If you set bucketMatch to true, we strongly advise that you only have one local bucket per AWS S3 location. Without bucketMatch set to false, your object names in your AWS S3 bucket will not be prefixed with your Cloud Server bucket name. This means that if you put an object foo to your CloudServer bucket zenko1 and you then put a different foo to your CloudServer bucket zenko2 and both zenko1 and zenko2 point to the same AWS bucket, the second foo will overwrite the first foo.

~/.aws/credentials

Tip

If you explicitly set your accessKey and secretKey in the credentials object of your aws_s3 location in your locationConfig.json file, you may skip this section

Make sure your ~/.aws/credentials file has a profile matching the one defined in your locationConfig.json. Following our previous example, it would look like:

[zenko]
aws_access_key_id=WHDBFKILOSDDVF78NPMQ
aws_secret_access_key=87hdfGCvDS+YYzefKLnjjZEYstOIuIjs/2X72eET

Start the server with the ability to write to AWS S3

Inside the repository, once all the files have been edited, you should be able to start the server and start writing data to AWS S3 through CloudServer.
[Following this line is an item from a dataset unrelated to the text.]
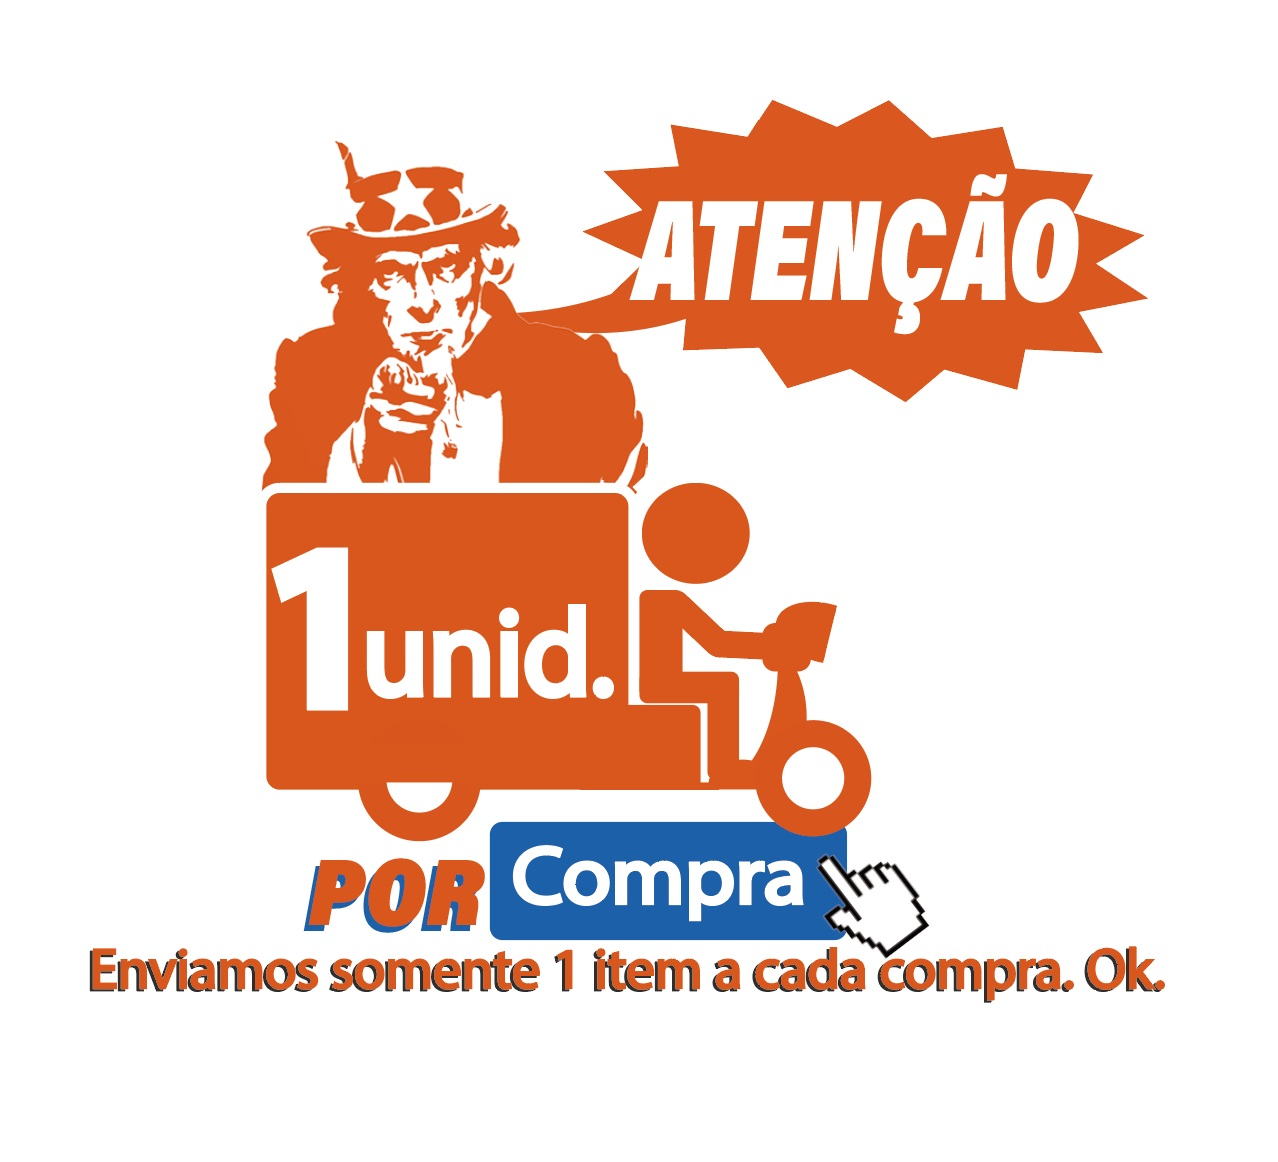 CHECK OUT PRETO 1,30 BILATERAL CAIXA DE SUPERMERCADO  + PERFIL COLORIDO   - EKENOX- Equipamentos Industriais
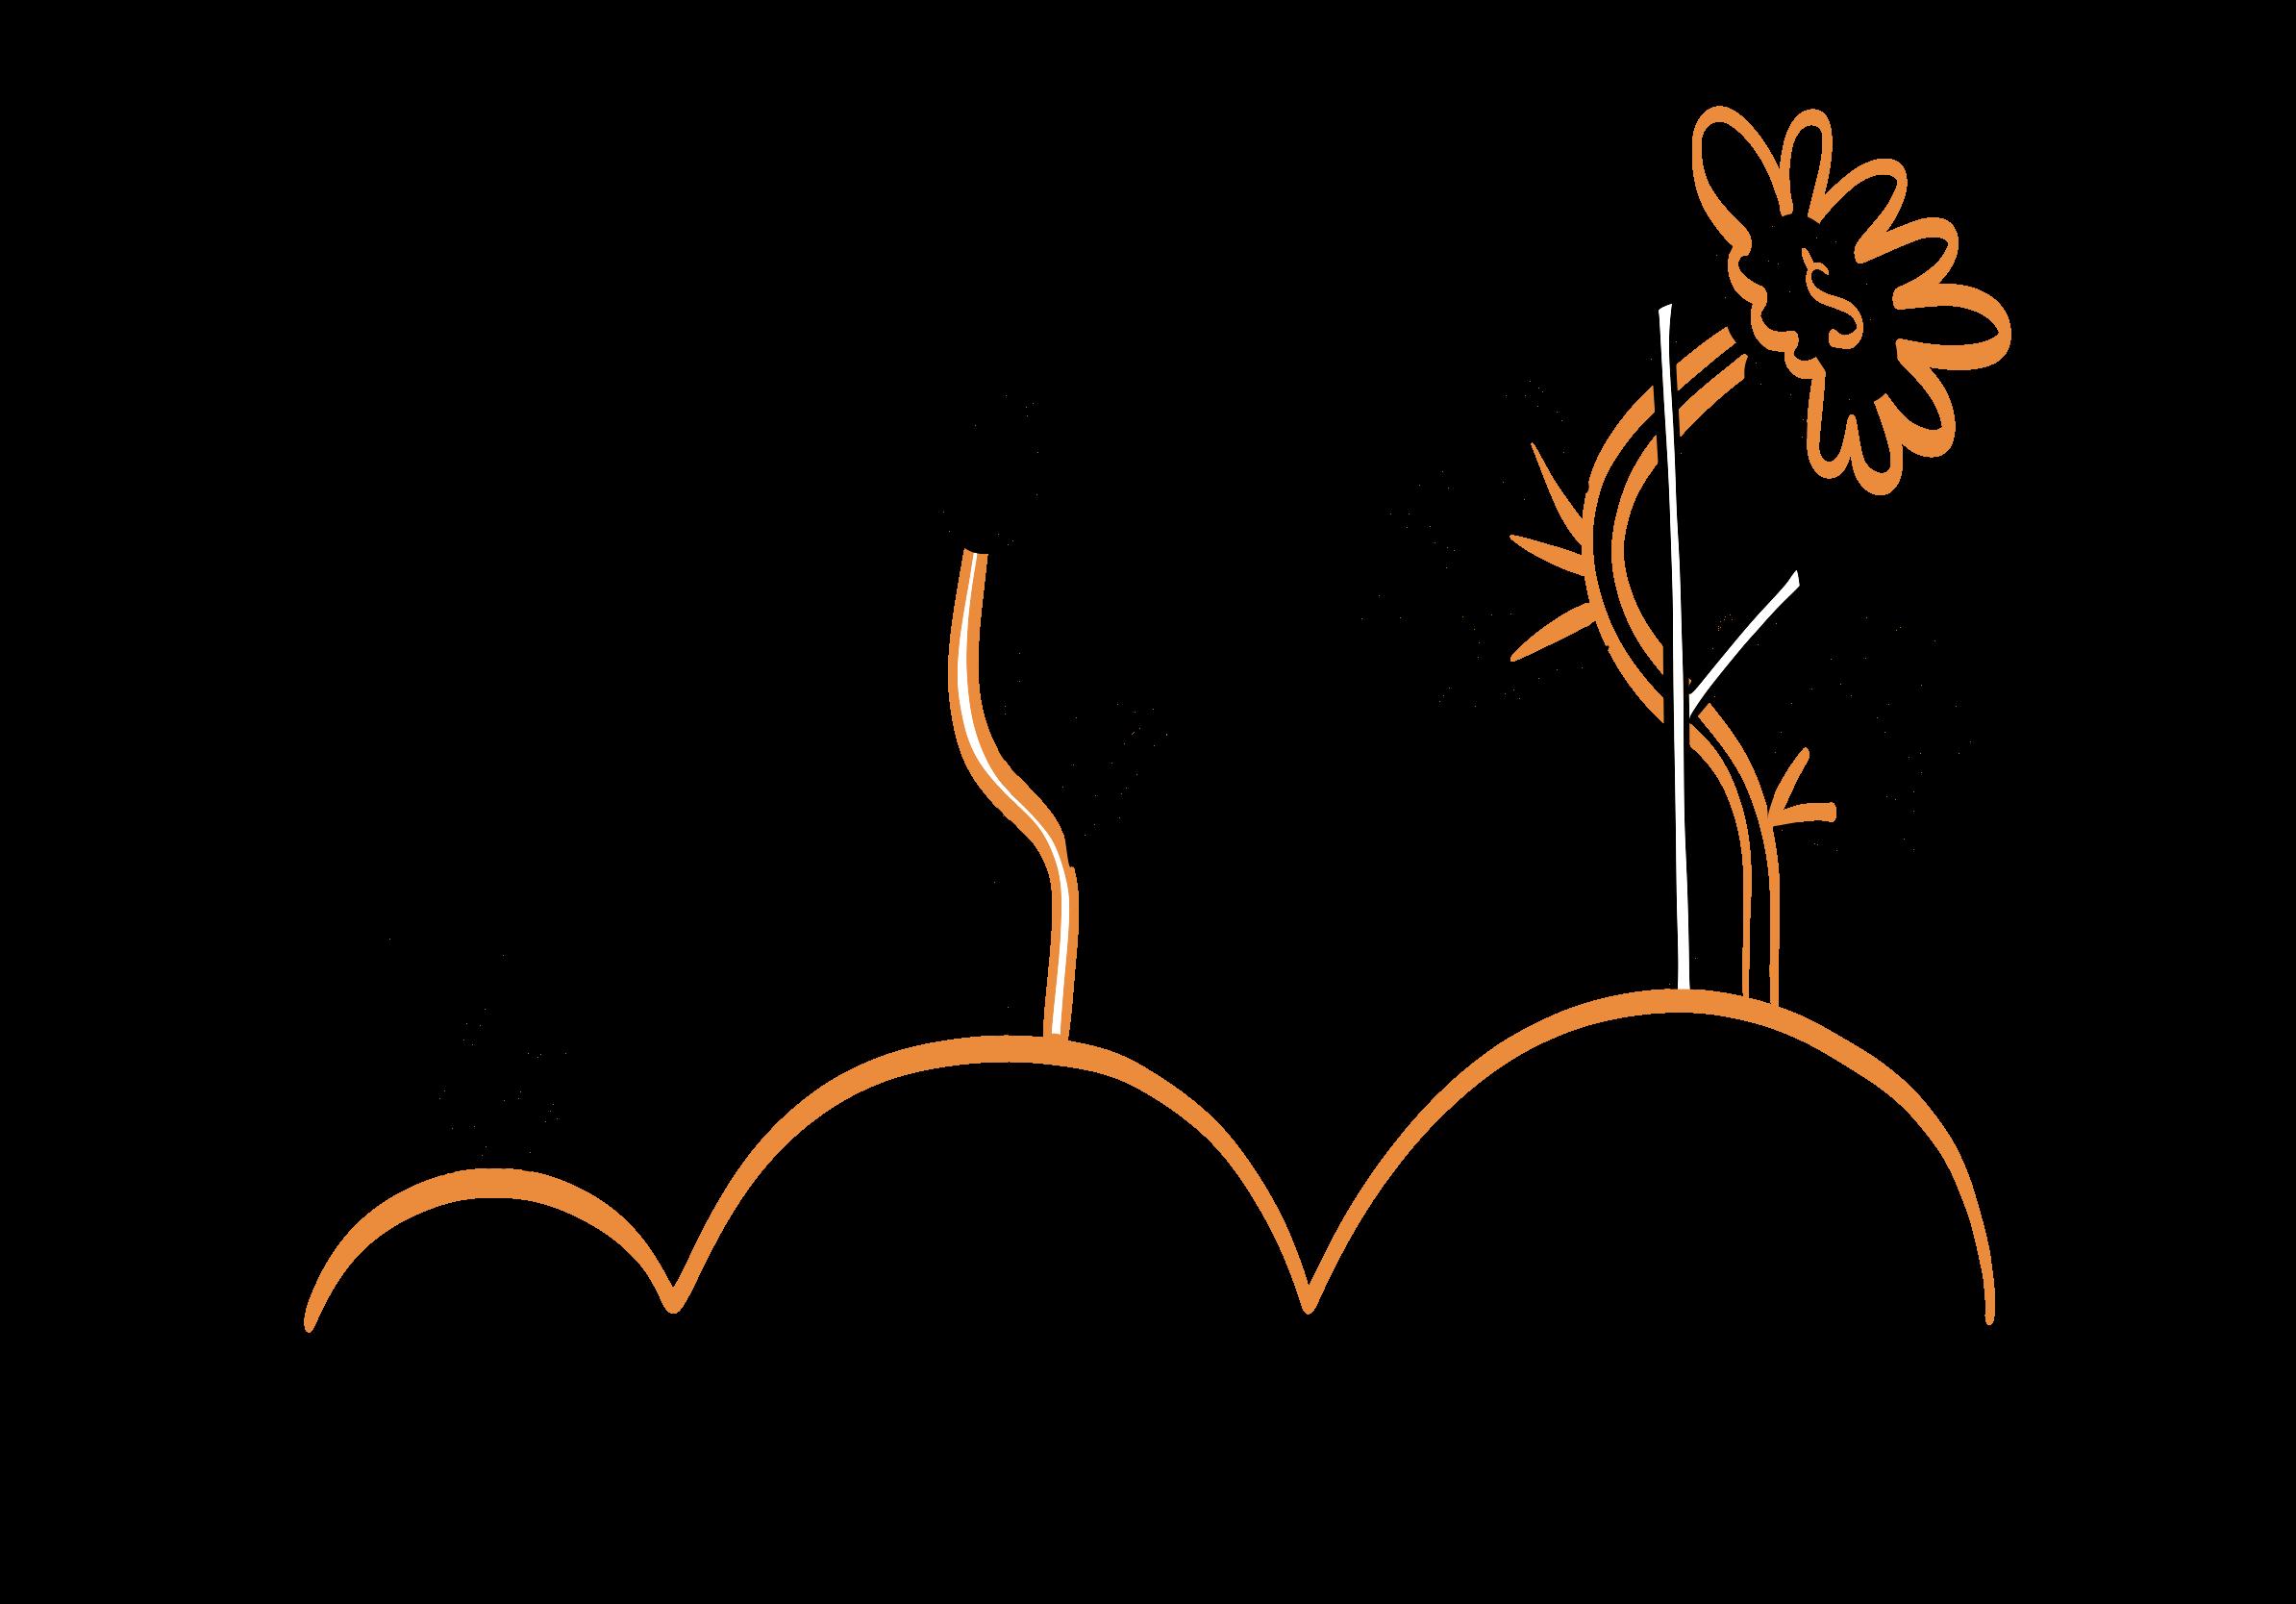 [foundkit]-[web illustration]-[sketches] 9

# Start the server locally
$> S3DATA=multiple yarn start

Run the server as a docker container with the ability to write to AWS S3

Tip

If you set the credentials object in your locationConfig.json file, you don’t need to mount your .aws/credentials file

Mount all the files that have been edited to override defaults, and do a standard Docker run; then you can start writing data to AWS S3 through CloudServer.

# Start the server in a Docker container
$> sudo docker run -d --name CloudServer \
-v $(pwd)/data:/usr/src/app/localData \
-v $(pwd)/metadata:/usr/src/app/localMetadata \
-v $(pwd)/locationConfig.json:/usr/src/app/locationConfig.json \
-v $(pwd)/conf/authdata.json:/usr/src/app/conf/authdata.json \
-v ~/.aws/credentials:/root/.aws/credentials \
-e S3DATA=multiple -e ENDPOINT=http://localhost -p 8000:8000 \
-d scality/cloudserver

Testing: put an object to AWS S3 using CloudServer

In order to start testing pushing to AWS S3, you will need to create a local bucket in the AWS S3 location constraint - this local bucket will only store the metadata locally, while both the data and any user metadata (x-amz-meta headers sent with a PUT object, and tags) will be stored on AWS S3. This example is based on all our previous steps.

# Create a local bucket storing data in AWS S3
$> s3cmd --host=127.0.0.1:8000 mb s3://zenkobucket --region=aws-test
# Put an object to AWS S3, and store the metadata locally
$> s3cmd --host=127.0.0.1:8000 put /etc/hosts s3://zenkobucket/testput
 upload: '/etc/hosts' -> 's3://zenkobucket/testput'  [1 of 1]
  330 of 330   100% in    0s   380.87 B/s  done
# List locally to check you have the metadata
$> s3cmd --host=127.0.0.1:8000 ls s3://zenkobucket
 2017-10-23 10:26       330   s3://zenkobucket/testput

Then, from the AWS Console, if you go into your bucket, you should see your newly uploaded object:

AWS S3 Console upload example

Troubleshooting

Make sure your ~/.s3cfg file has credentials matching your local CloudServer credentials defined in conf/authdata.json. By default, the access key is accessKey1 and the secret key is verySecretKey1. For more informations, refer to our template ~/.s3cfg .

Pre-existing objects in your AWS S3 hosted bucket can unfortunately not be accessed by CloudServer at this time.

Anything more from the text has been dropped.